Problem to solve: Give the listing again word for word. Skip the pictures.

Data excerpt:

====================

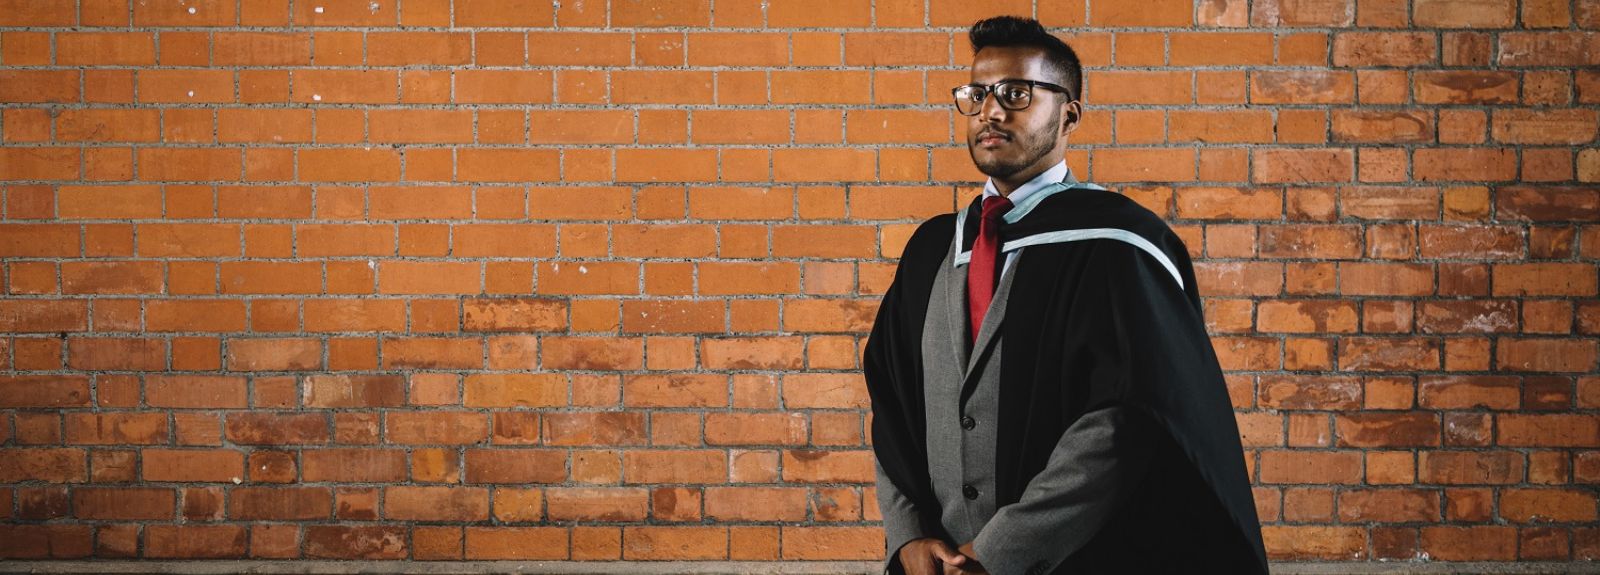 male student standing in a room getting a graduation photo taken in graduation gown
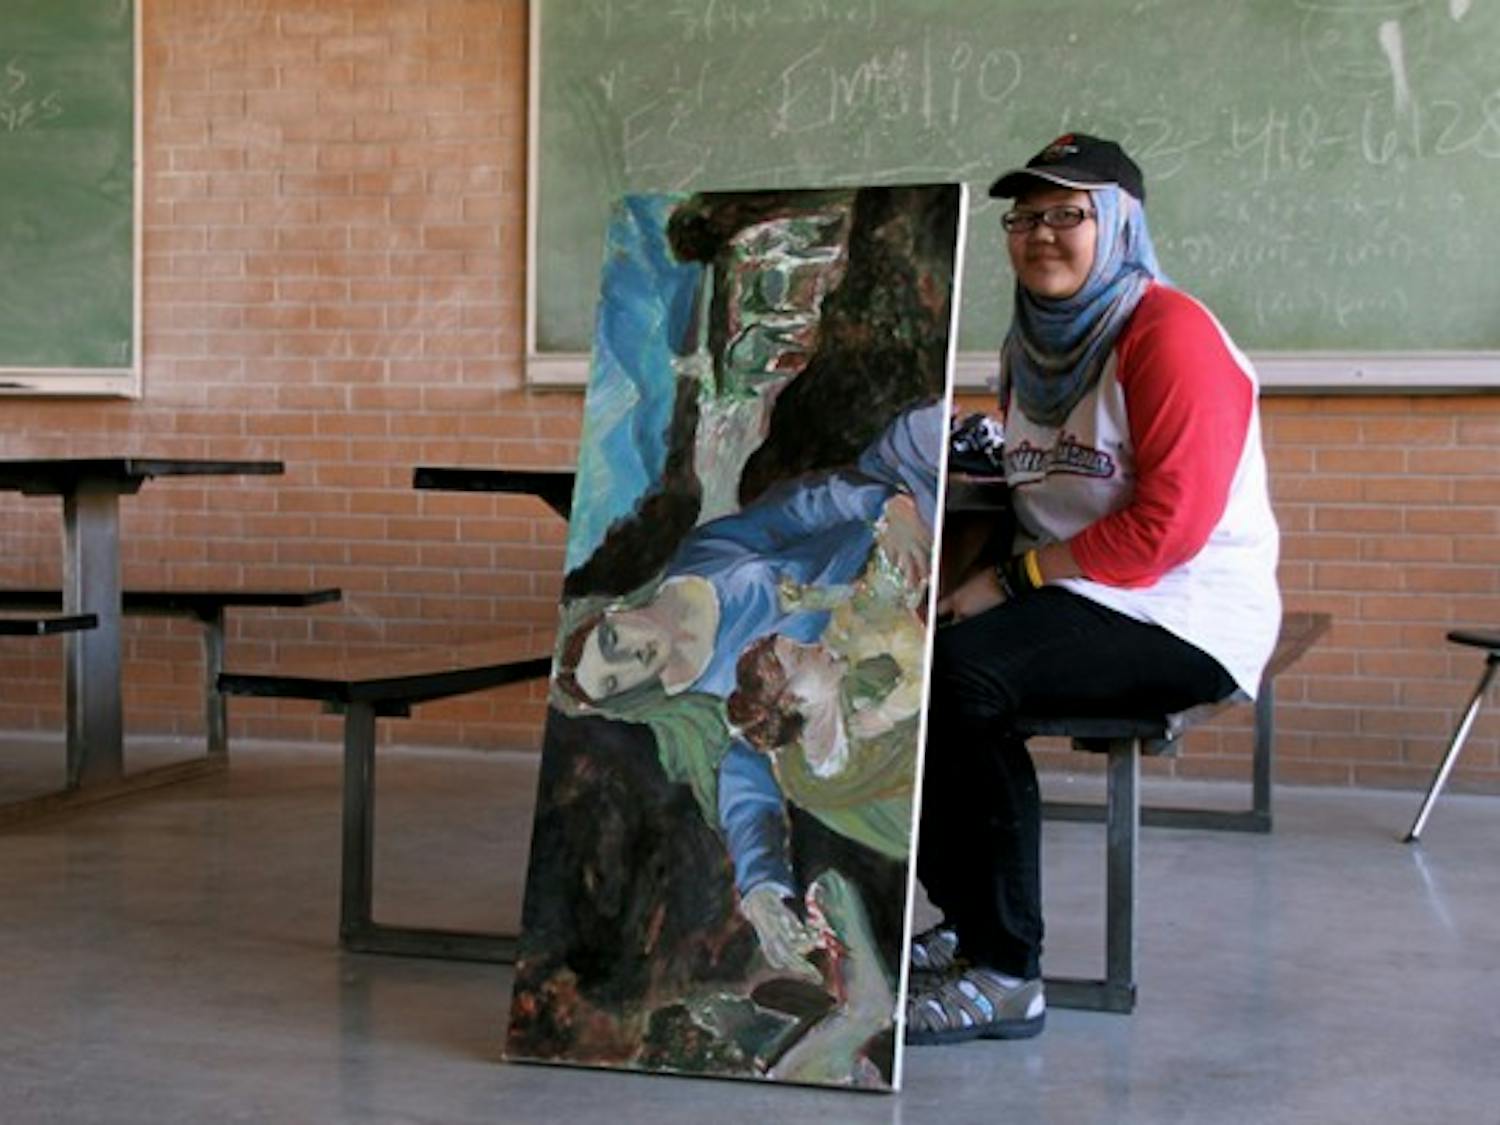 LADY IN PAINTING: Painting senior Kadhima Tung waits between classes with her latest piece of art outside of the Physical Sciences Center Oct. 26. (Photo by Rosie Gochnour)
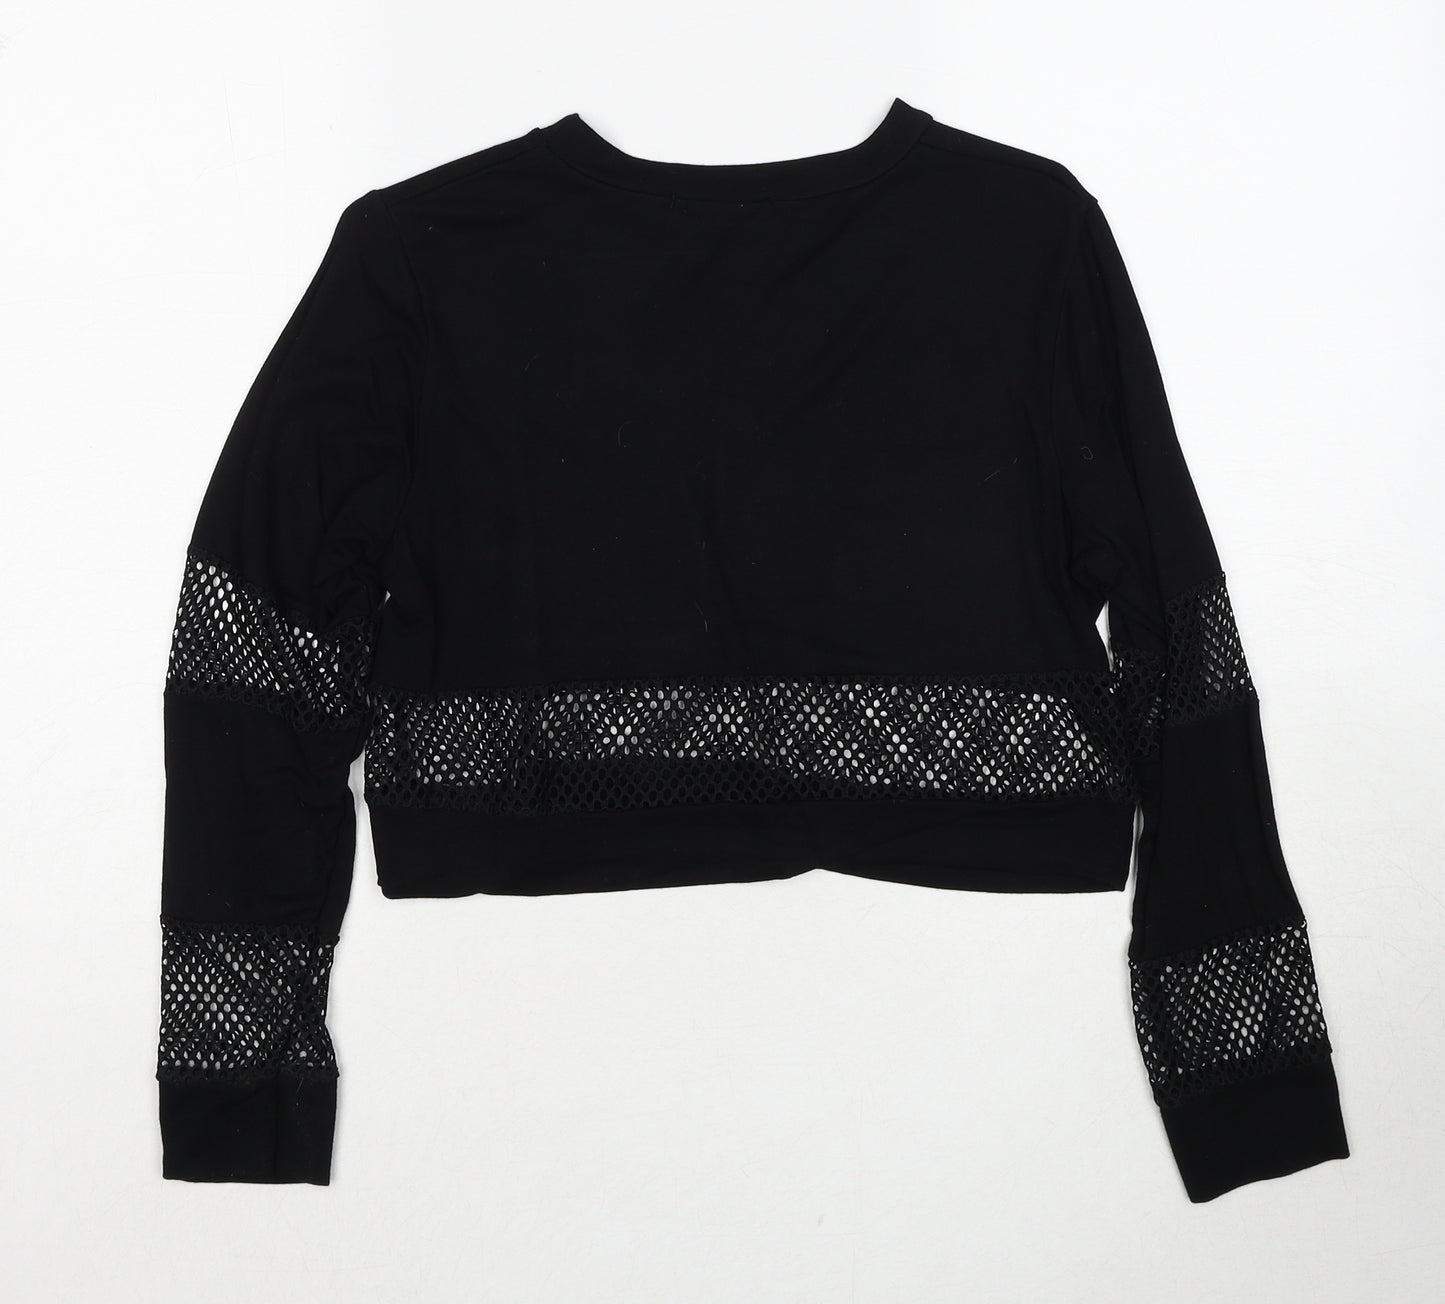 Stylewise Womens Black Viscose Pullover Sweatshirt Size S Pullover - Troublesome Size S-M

====================

Task response:
 male student standing in a room getting a graduation photo taken in graduation gown
 LADY IN PAINTING: Painting senior Kadhima Tung waits between classes with her latest piece of art outside of the Physical Sciences Center Oct. 26. (Photo by Rosie Gochnour)
 Stylewise Womens Black Viscose Pullover Sweatshirt Size S Pullover - Troublesome Size S-M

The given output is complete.